LLMs are useful isn’t just because they’re information regurgitators, but because they’re basically cheap domain experts. The most capable LLMs (like Claude and GPT4) can ~basically already be used like a tutor to explain complex scientific concepts, including the nuances of experimental design or reverse genetics or data analysis.
I'm somewhat dubious that a tutor to specifically help explain how to make a plague is going to be that much more use than a tutor to explain biotech generally. Like, the reason that this is called "dual-use" is that for every bad application there's an innocuous application.
So, if the proposal is to ban open source LLMs because they can explain the bad applications of the in-itself innocuous thing -- I just think that's unlikely to matter? If you're unable to rephrase a question in an innocuous way to some LLM, you probably aren't gonna make a bioweapon even with the LLMs help, no disrespect intended to the stupid terrorists among us.
It's kinda hard for me to picture a world where the delta in difficulty in making a biological weapon between (LLM explains biotech) and (LLM explains weapon biotech) is in any way a critical point along the biological weapons creation chain. Is that the world we think we live in? Is this the specific point you're critiquing?
If the proposal is to ban all explanation of biotechnology from LLMs and to ensure it can only be taught by humans to humans, well, I mean, I think that's a different matter, and I could address the pros and cons, but I think you should be clear about that being the actual proposal.

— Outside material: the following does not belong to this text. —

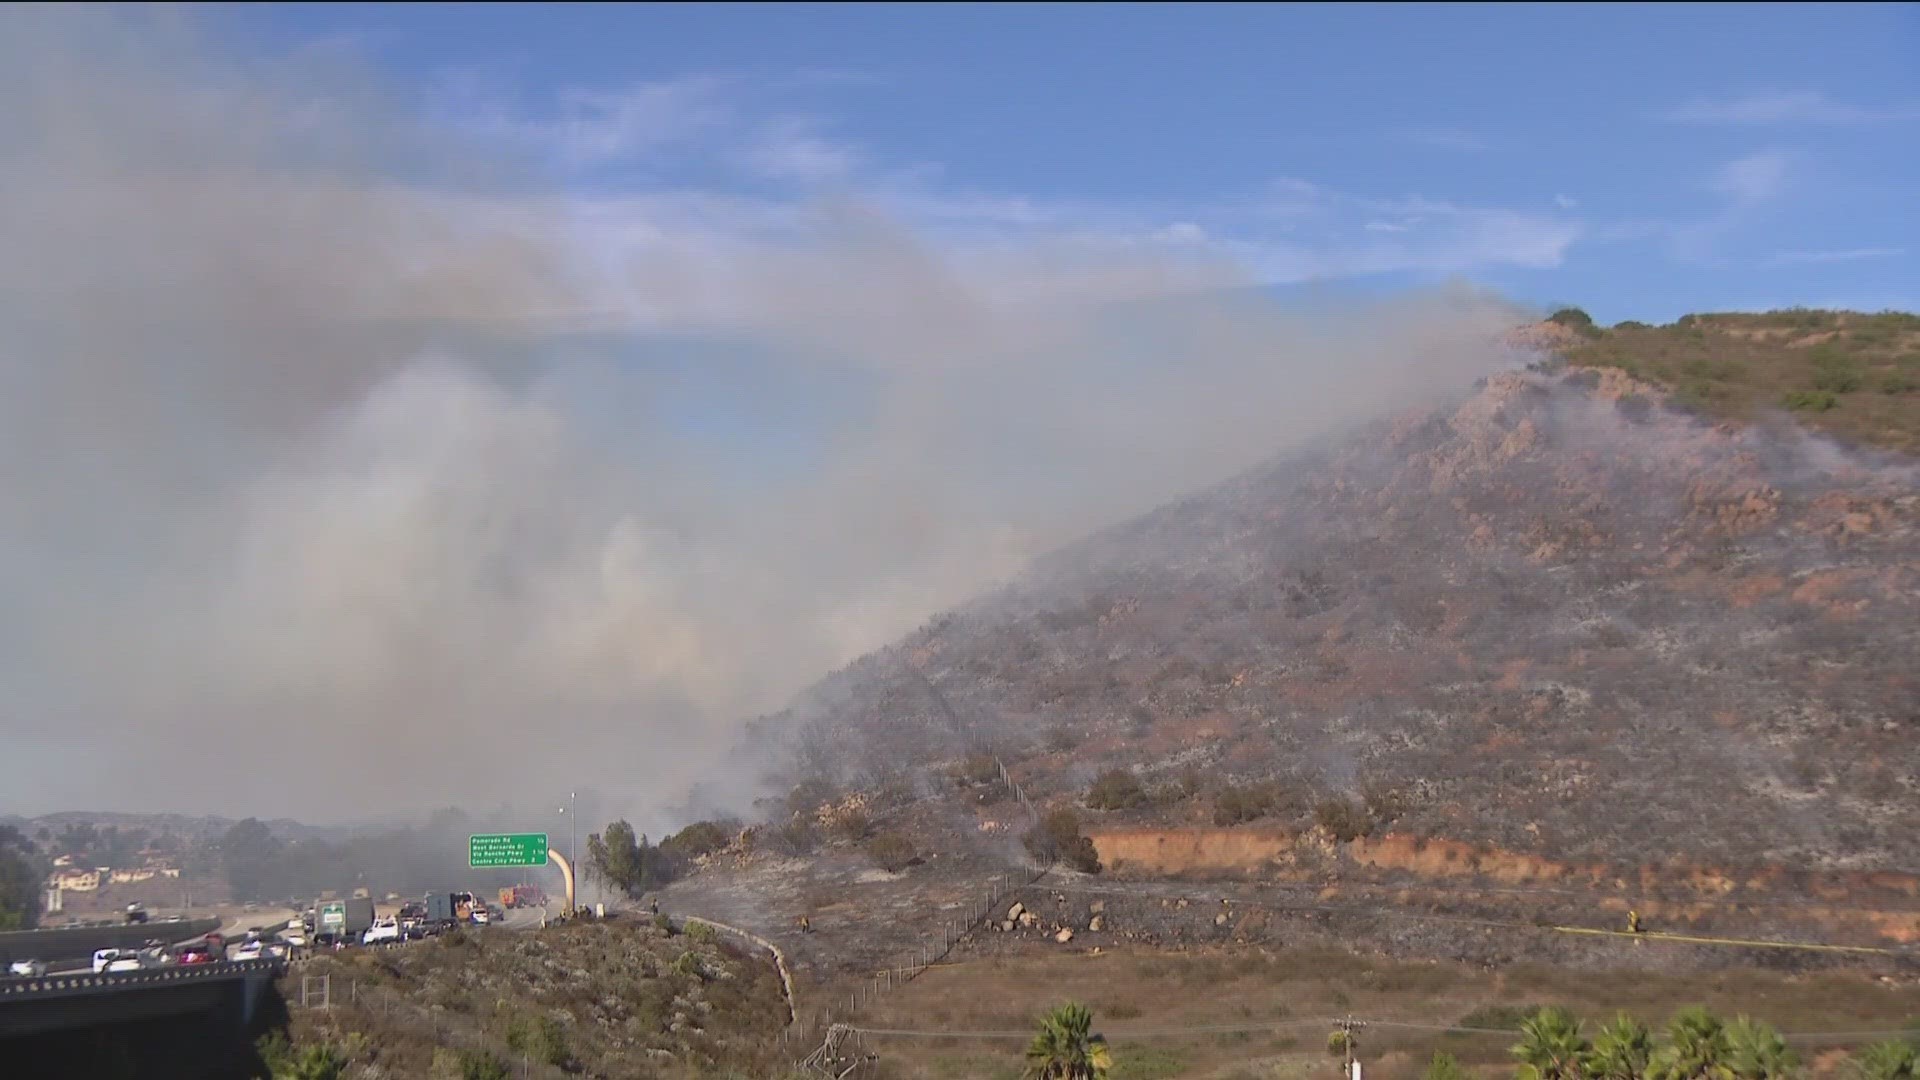 Fire crews worked quickly to extinguish the 5-acre Escala Fire burning on Battle Mountain in Rancho Bernardo alongside northbound Interstate 15 Monday afternoon.

For instance, the post says that “if open source AI accelerated the cure for several forms of cancer, then even a hundred such [Anthrax attacks] could easily be worth it”. This is confusing for a few different reasons: first, it doesn’t seem like open-source LLMs can currently do much to accelerate cancer cures, so I’m assuming this is forecasting into the future. But then why not do the same for bioweapons capabilities?
This makes sense as a critique: I do think that actual biotech-specific models are much, much more likely to be used for biotech research than LLMs.
I also think that there's a chance that LLMs could speed up lab work, but in a pretty generic way like Excel speeds up lab work -- this would probably be good overall, because increasing the speed of lab work by 40% and terrorist lab work by 40% seems like a reasonably good thing for the world overall. I overall mostly don't expect big breakthroughs to come from LLMs.
The quote from Schmidhuber literally says nothing about human extinction being good.
I'm disappointed that Critch glosses it that way, because in the past he has been leveler-headed than many, but he's wrong.
The quote is:
Humans not being the "last stepping stone" towards greater complexity does not imply that we'll go extinct. I'd be happy to live in a world where there are things more complex than humans. Like it's not a weird interpretation at all -- "AI will be more complex than humans" or "Humans are not the final form of complexity in the universe" simply says nothing at all about "humans will go extinct."
You could spin it into that meaning if you tried really hard. But -- for instance-- the statement could also be about how AI will do science better than humans in the future, which was (astonishingly) the substance of the talk in which this statement took place, and also what Schmidhuber has been on about for years, so it probably is what he's actually talking about.
I note that you say, in your section on tribalism.
It would be great if people were a tad more hesitant to accuse others of wanting omnicide.